Pruitt’s also flown frequently first-class to go home to Oklahoma and spent $40,000 lavish hotels and travel to promote fossil fuels in Morocco. These trips are under IG investigation. 

This week, Sen. Sheldon Whitehouse raised new questions about Pruitt’s use and the cost of his 24-hour security, charging Pruitt with using the detail for non-official business—for trips home to Tulsa, Oklahoma, a family vacation to Disneyland and the Rose Bowl game. Whitehouse sent a letter to the inspector general with information he said he obtained from a confidential source and asked for another investigation. 

And earlier this week, “condo-gate” surfaced when ABC reported that Pruitt lived most of last year in a Capitol Hill condo co-owned by the wife of an energy lobbyist.

He paid just $50 a night for a prime real estate room that would cost many times that much on Airbnb, prompting Public Citizen to request another IG investigation into whether the arrangement violated rules barring public officials from taking gifts from lobbyists. His daughter apparently also stayed in the condo, raising additional questions about the special arrangement.
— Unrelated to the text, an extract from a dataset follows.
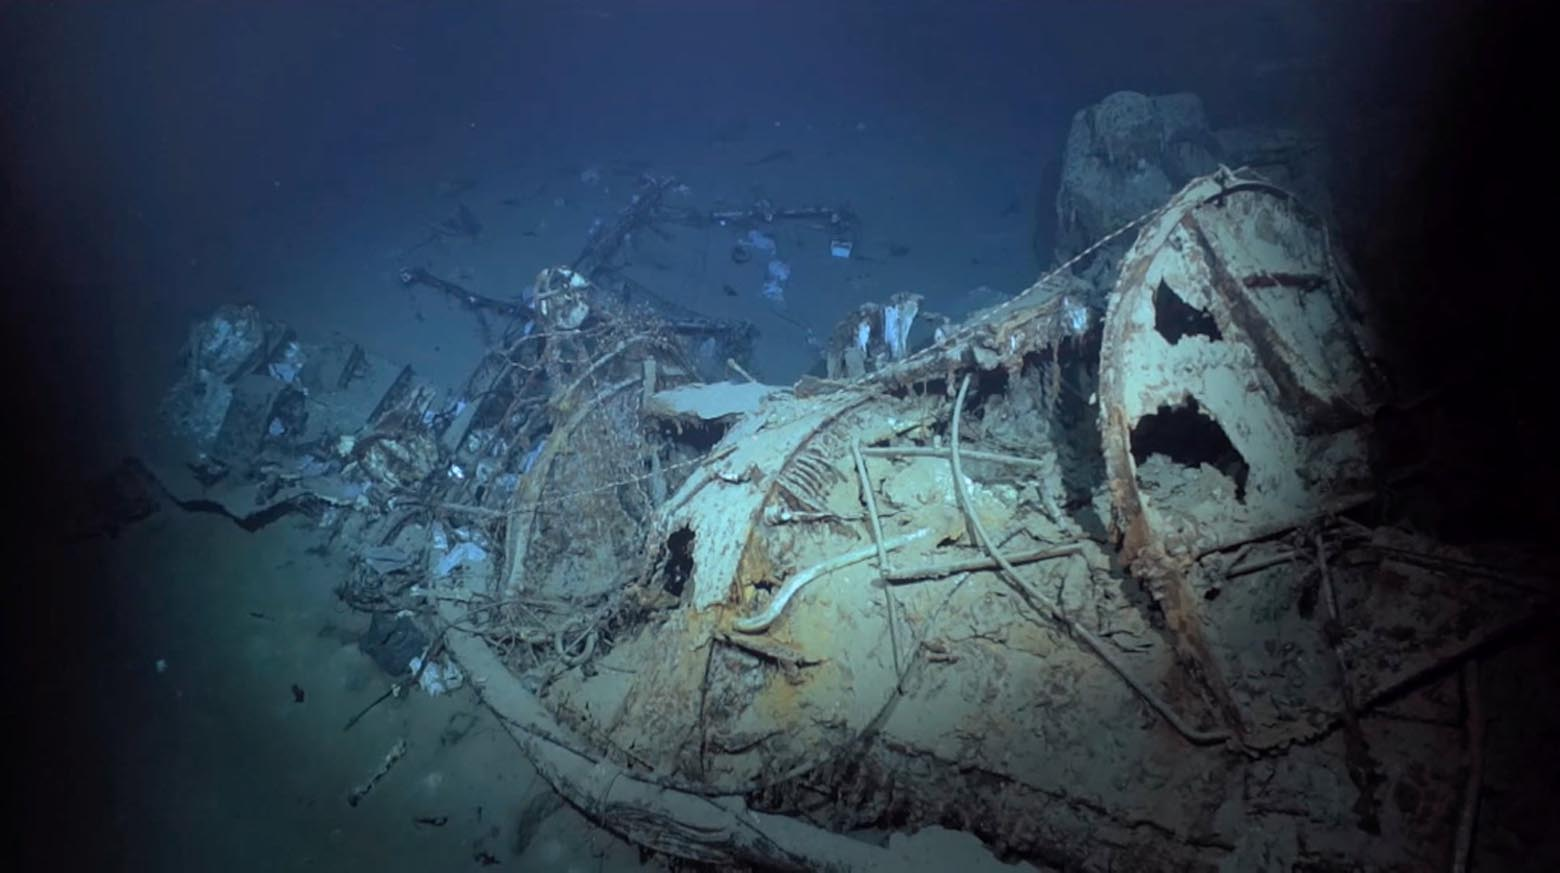 Descubren un destructor hundido de la II Guerra Mundial

In addition to his travel scandal and sweetheart condo deal, Pruitt’s spent the last year attempting to sabotage the EPA’s mission to protect public health.

He’s sought to slash EPA’s budget by 31 percent--cuts now twice rejected by Congress--he's back asking to cut next year’s budget 23 percent. He’s tearing down health and environmental safeguards that protect us from air and water pollution and toxic chemicals. He’s stamped out science at the EPA and put polluters first while putting the rest of us at risk of harm. And he’s abandoned the fight against dangerous climate change.

Enough is enough. Like Sununu, Price and Shulkin, Scott Pruitt has become what no political appointee wants to be–an embarrassment to the president. Trump should summon Pruitt to the White House, and fire him. Or just tweet: It’s time for Pruitt to go.